Anyway I feel like I am a bit of a broken record at the moment. I have been addressing the “is the RDBMS doomed” question a couple of times a day for some time. Time to focus on something else for a bit.
Image via Wikipedia
There will be plenty of detailed coverage on Exadata V2 so I won’t attempt to replicate that. However I do have a couple of initial thoughts which I would like to share. For those who missed it, Oracle has just announced Exadata V2 (which is their pre-built “machine”). Exadata V1 was built using HP equipment, Exadata V2 is using Sun. The main addition to Exadata V2 seems to be an extra tier in the memory hierarchy, a flash cache.

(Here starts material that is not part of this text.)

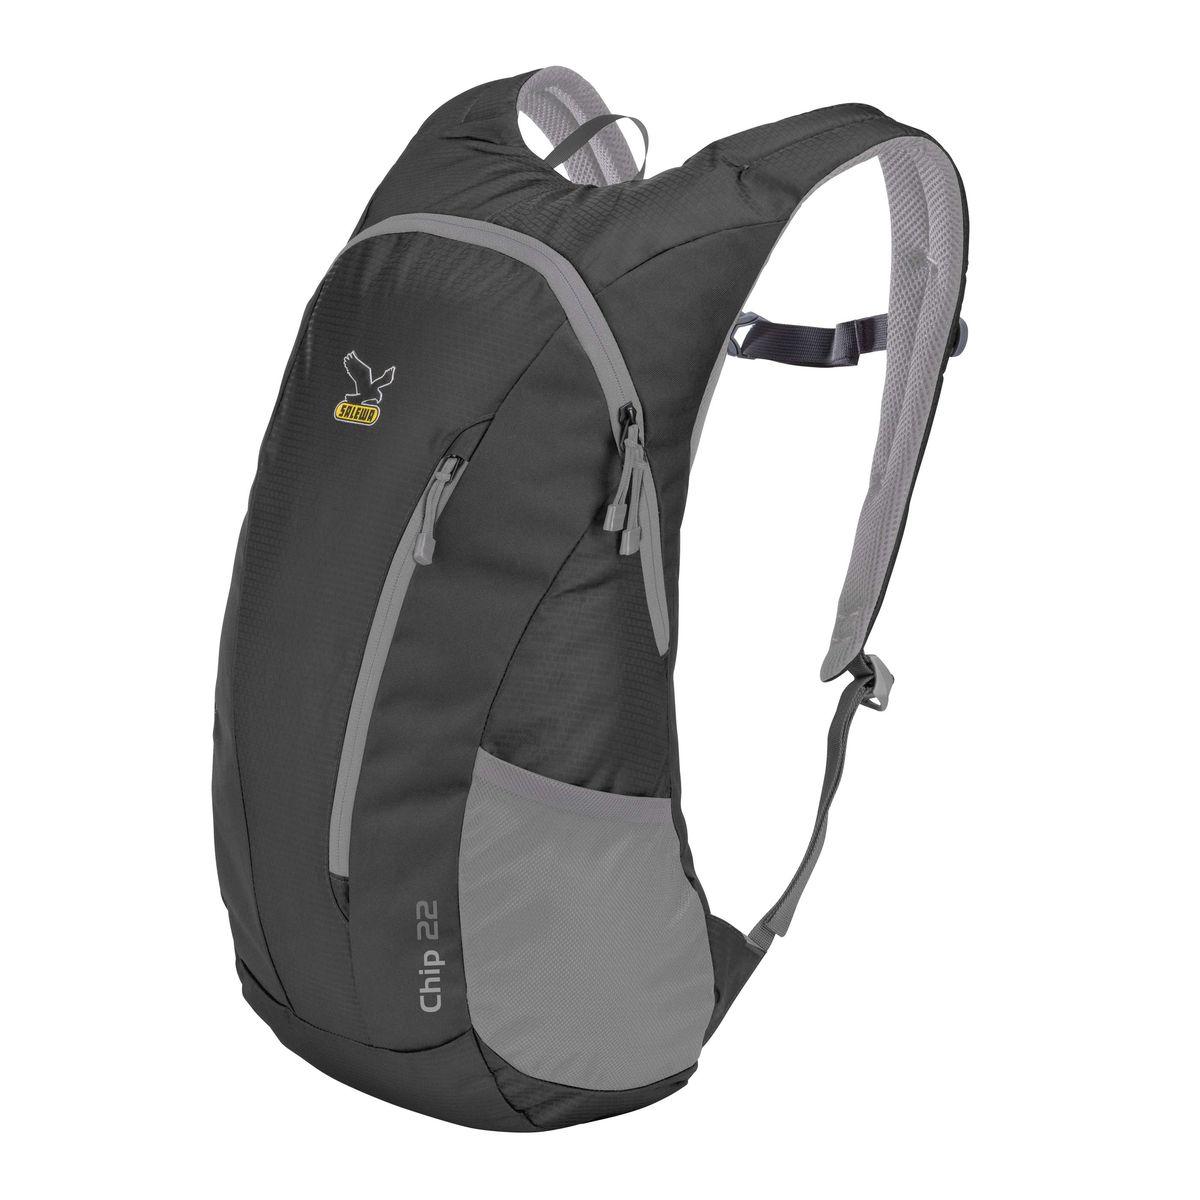 Рюкзак городской Salewa Daypacks CHIP 22, цвет: черный, 22л1130_900Компактный городской рюкзак для повседневного использования и активного досуга. Comfort Fit обеспечивает комфортное распределение нагрузки и вентиляцию. Особенности: - переднее отделение - боковые карманы

Oracle is very quick to point out this is not flash disk, but it is flash memory, Sun’s FlashFire technology (flash disk or SSD’s was always going to be a transition technology, flash memory doesn’t have the physical constraints of moving parts disk so the whole “disk” concept for flash doesn’t make too much sense other than it fits easily with current architectures).
The new memory layer (Processor Cache’s -> DRAM -> Flash Cache -> Disk) coupled with Oracle’s algorithms to effectively use the Flash Cache layer brings performance benefit to the solution (+ all the other improvements 12 months of hardware innovation brings, faster CPU’s, more memory etc).
My initial thoughts are:
I have had some questions along the lines of “isn’t this back to the one size fits all approach?” Well yes it is, but Oracle never really moved away from this in terms of the core DBMS. It is my understanding that Oracle Exadata was still the general purpose Oracle DBMS & RAC but on a hardware platform optimized for accessing large data sets (making it a data warehousing solution). Using FlashFire, the hardware can now do high levels of random I/O (I think 1m random I/O’s was quoted) which makes the hardware platform general purpose as well.
One interesting question will be if, under Oracle, other vendors can buy the exact same hardware configuration from Sun and optimize their DBMS for Flash also? If so, it may be difficult for them to do this in a way that is price competitive. And will competitive DBMS vendors really want to help fill Oracle’s pockets further?
If we expect to see more of this hardware alignment between DBMS vendors where does that leave Microsoft? Maybe HP is already peeling the Exadata V1 logos off their racks and sticking Microsoft Madison logo’s in their place?
Oracle has put out a FAQ which partly answers some of the questions.